I gave this speech to Thelma, but she wasn’t nearly as amused as I had hoped she would be. She didn’t even laugh. She just said, “Ten days without seeing Popeye is just that. Ten days. Nothing more. We keep everything, all our precautions, just as they are.” And with that she returned to her typing.
One early afternoon I came back to Clara Bow Drive from an appointment at Paramount and pulled up behind the oleander blockade. Humming “Little Liza Jane,” my arms full of scripts, I opened the door, but everything fell to the floor when I saw Terrence sitting there, his elbows resting on his knees, a suitcase on one side, the Royal on the other, his gaze on the floor. He stood, with a kind of weariness that seemed to me etche
d into his face, into the marrow of his bones. He opened his arms to me, and I went to him, the joy of his homecoming flooding through me. I held him, my cheek against his chest, the sound of his breathing, the beat of his heart music to my ears, the pleasure of his name on my lips.
“I missed you something fierce, Little Liza. Something fierce. I took a cab from Union Station straight here.”
“Go on, leave,” said Thelma. “I’ll cancel everything for tomorrow, Roxanne. Go take some time to be together.” She put her arms around both of us. “Don’t even pick up the scripts. Just go!”
As usual, we put the top up on the MG (otherwise, with a convertible, we were too conspicuous) and his suitcase and the Royal in the trunk. When I didn’t have to shift gears we held hands, and when we reached PCH, I felt a glorious burst of happiness that translated into speed.
“You better slow down,” said Terrence. “They’ll arrest you.”
I started to protest, but one look at his serious face, and I lightened up on the gas pedal. I kept (almost) to the speed limit as we drove north. The hillsides were awash in a dusty green and sprinkled with golden California poppies, wildflowers waning in the spring heat.
“I’ve forgotten all this,” he remarked. “Forgot everything except you, Liza Jane.” He put his strong hand on my knee, and my heart lit with happiness, and the conviction of being loved.

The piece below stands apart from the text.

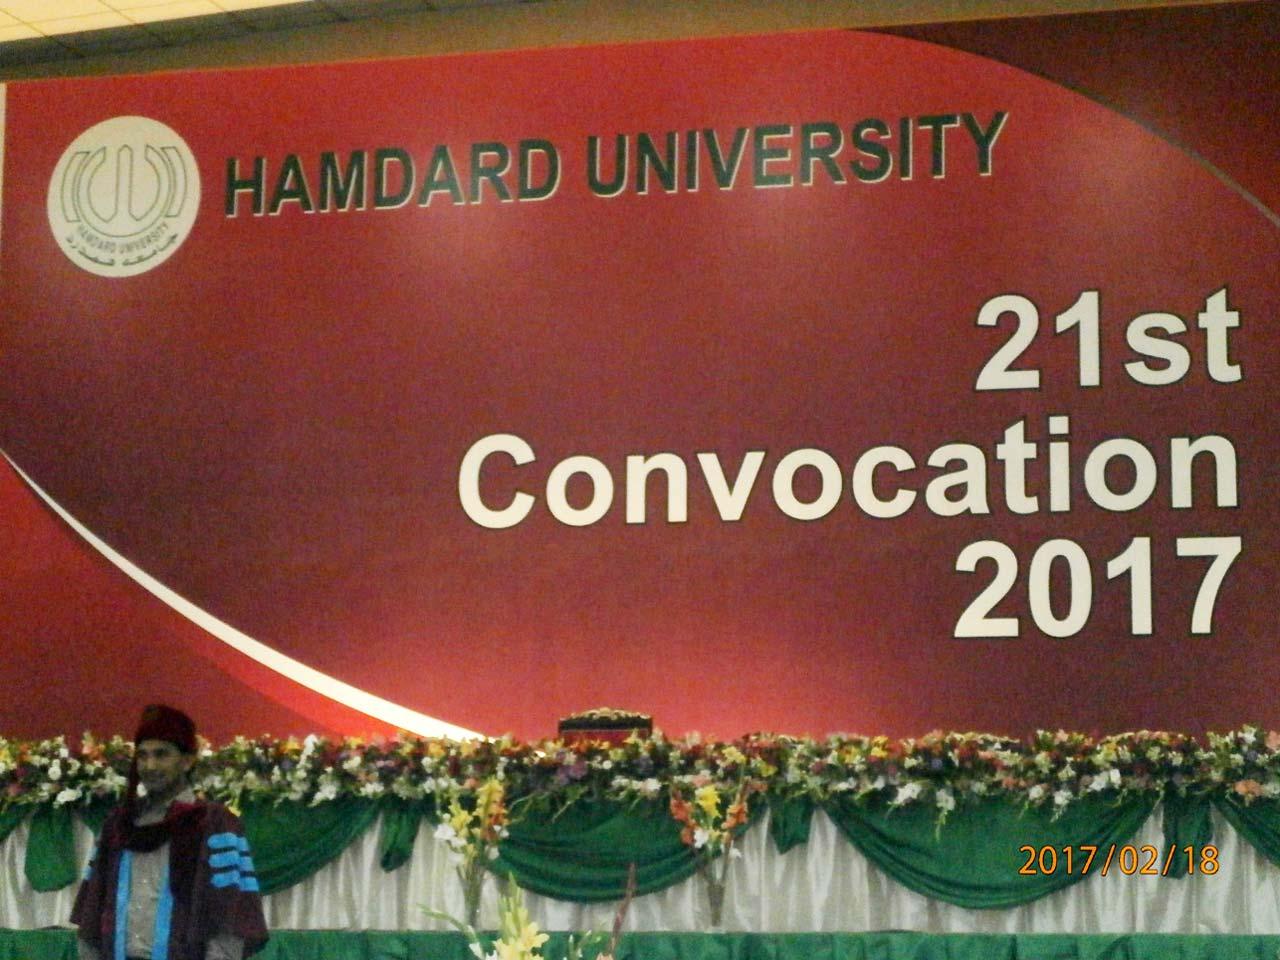 21st Convocation of Hamdard University - 2017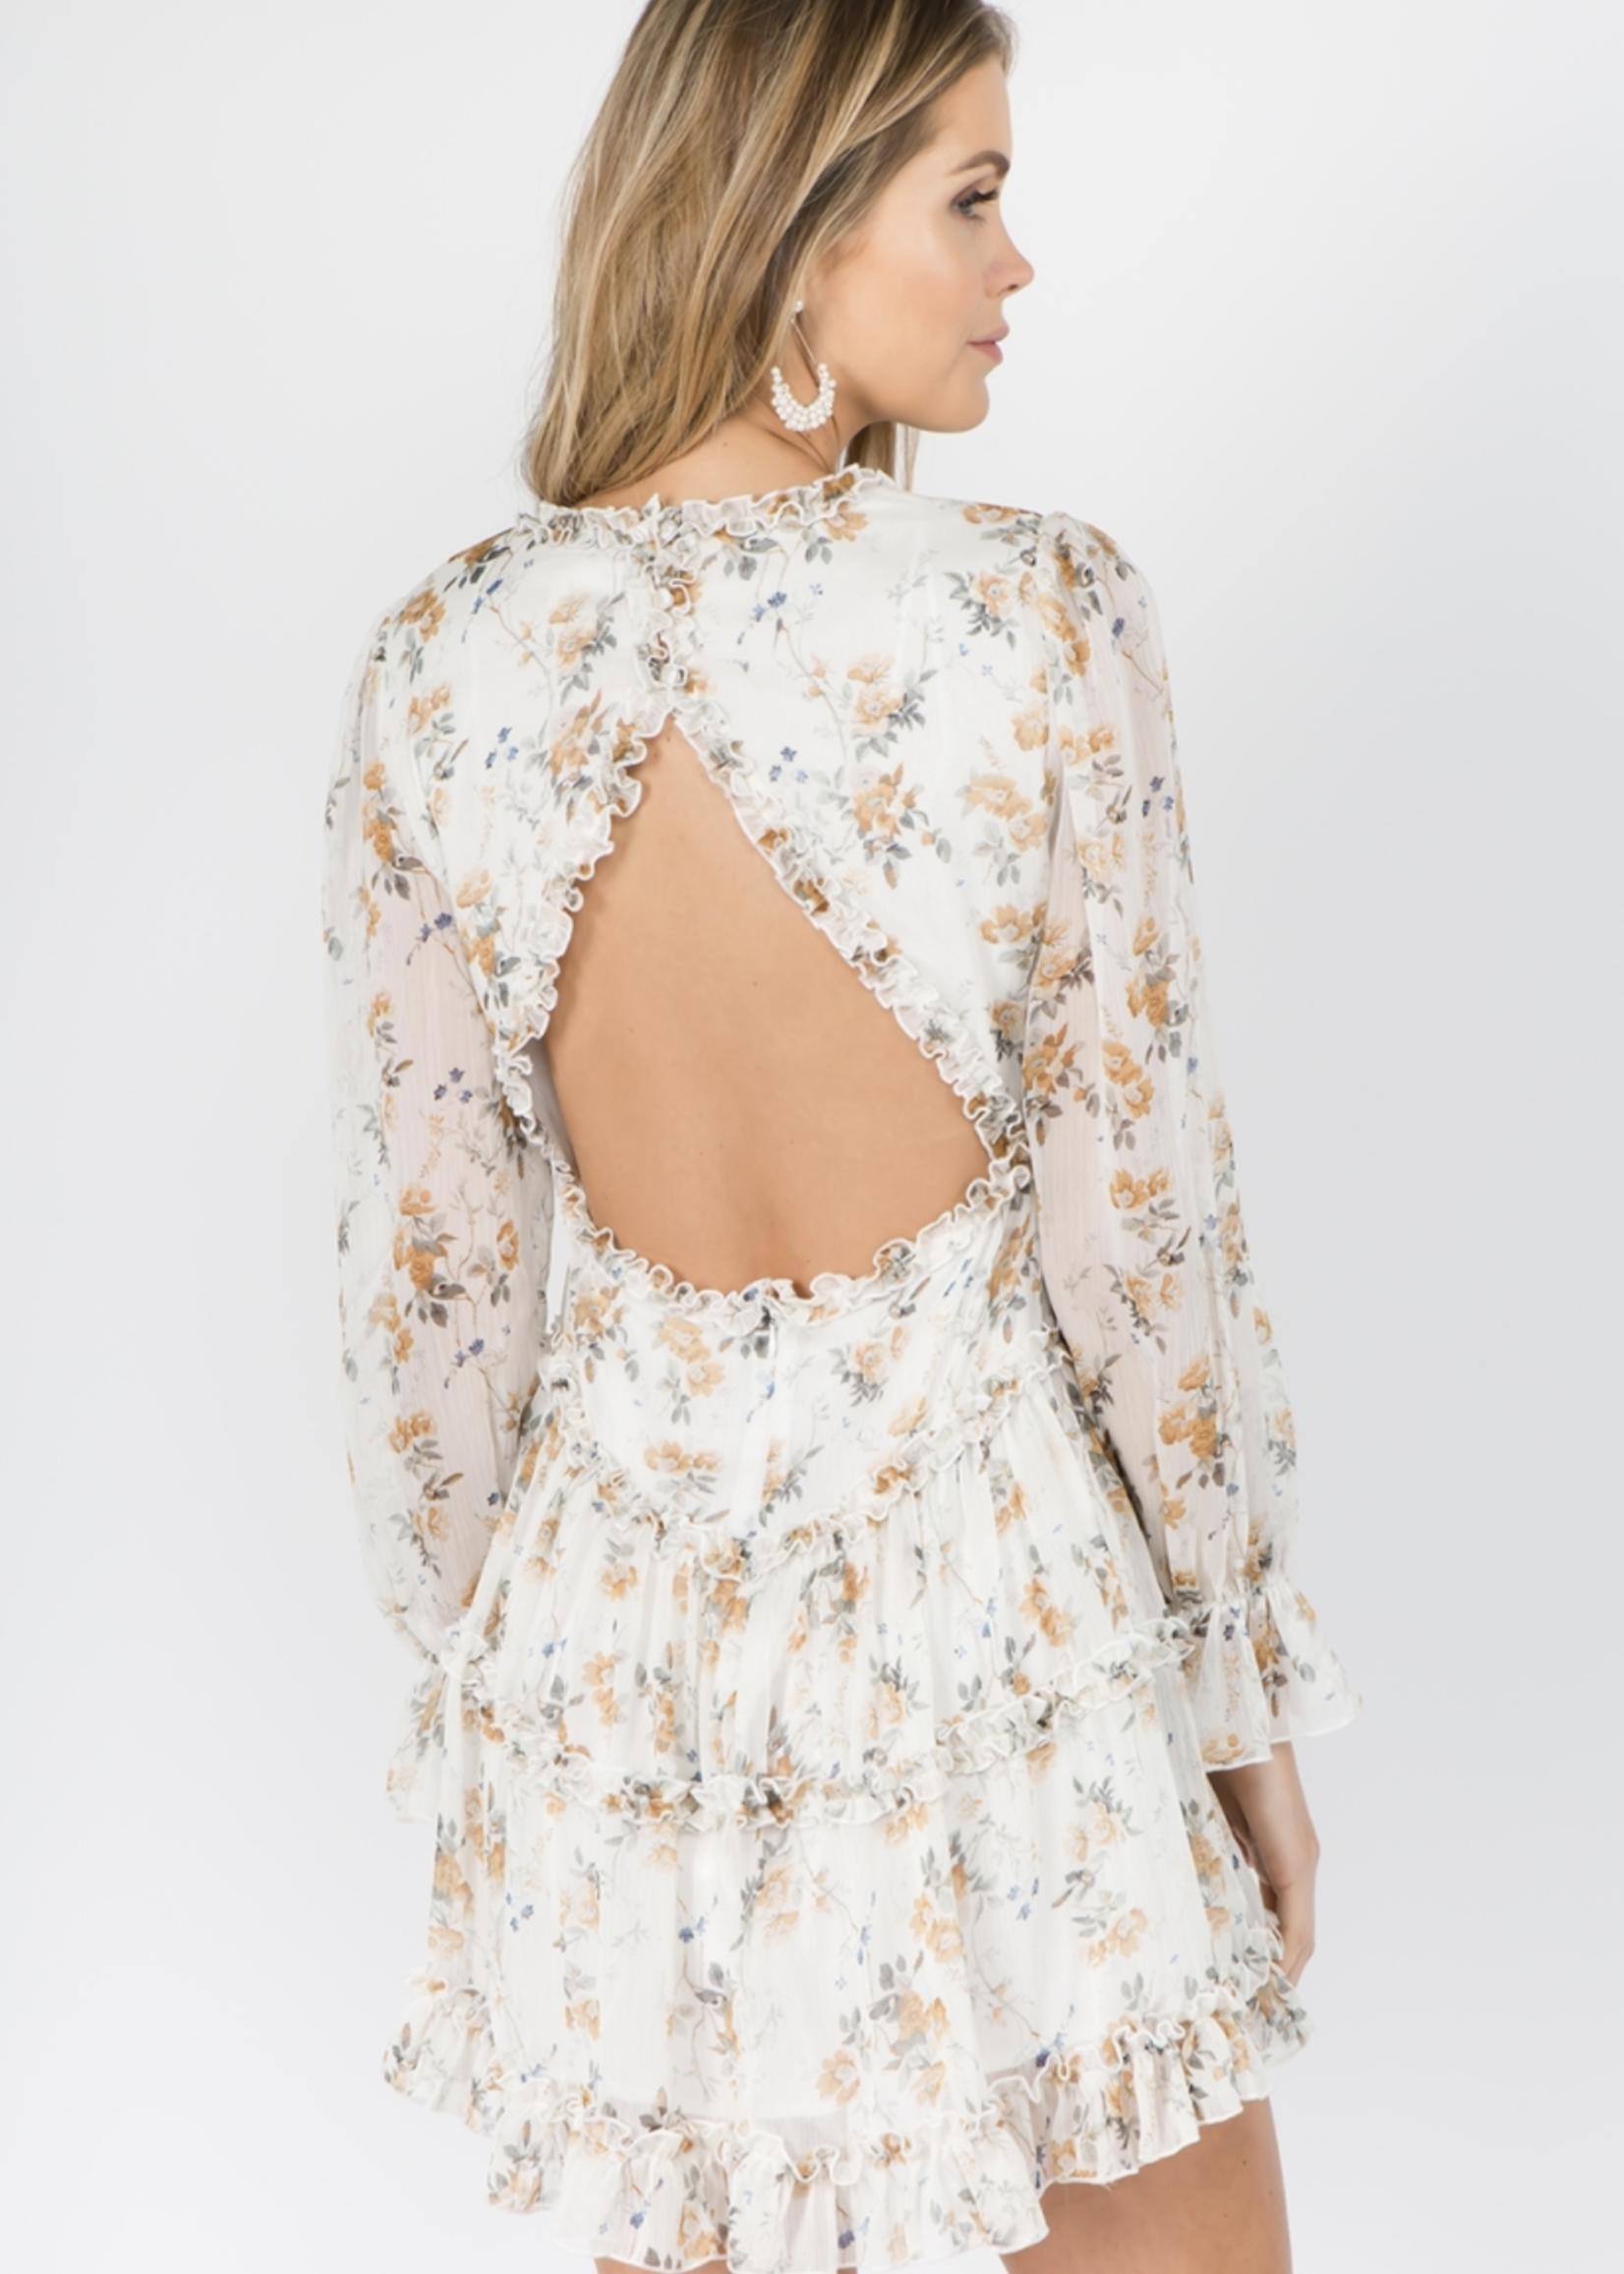 Fanco Floral Open Back Dress

As we dashed up the stairs, Bruno saw us and started barking wildly, but he must have been chained up, because he didn’t jump the fence. Terrence paused just briefly on the porch to look out over the beach, the sea, and the horizon, a view he had always loved. I opened the door (the matchbook still securely in place) and we dropped the suitcase and the typewriter on the floor and hungrily made our way to the bed, where the five months of our being parted had pent up in both of us. We made love swiftly, intensely, remembering each other’s bodies with every possible sense: touch, taste, scent, words. We slept and woke, and had something to eat, and he talked in a roundabout, anecdotal way of his time in Alabama. I noticed right away that his speech had slowed in the months he’d been gone. Even the way he used language had slid into an easy vernacular, as if August Branch’s insistence on correct usage had slipped his mind altogether. His talk was peppered with more biblical allusions than I remembered, and phrases I didn’t recognize. What is a hissy fit? What is Hoppin’ John?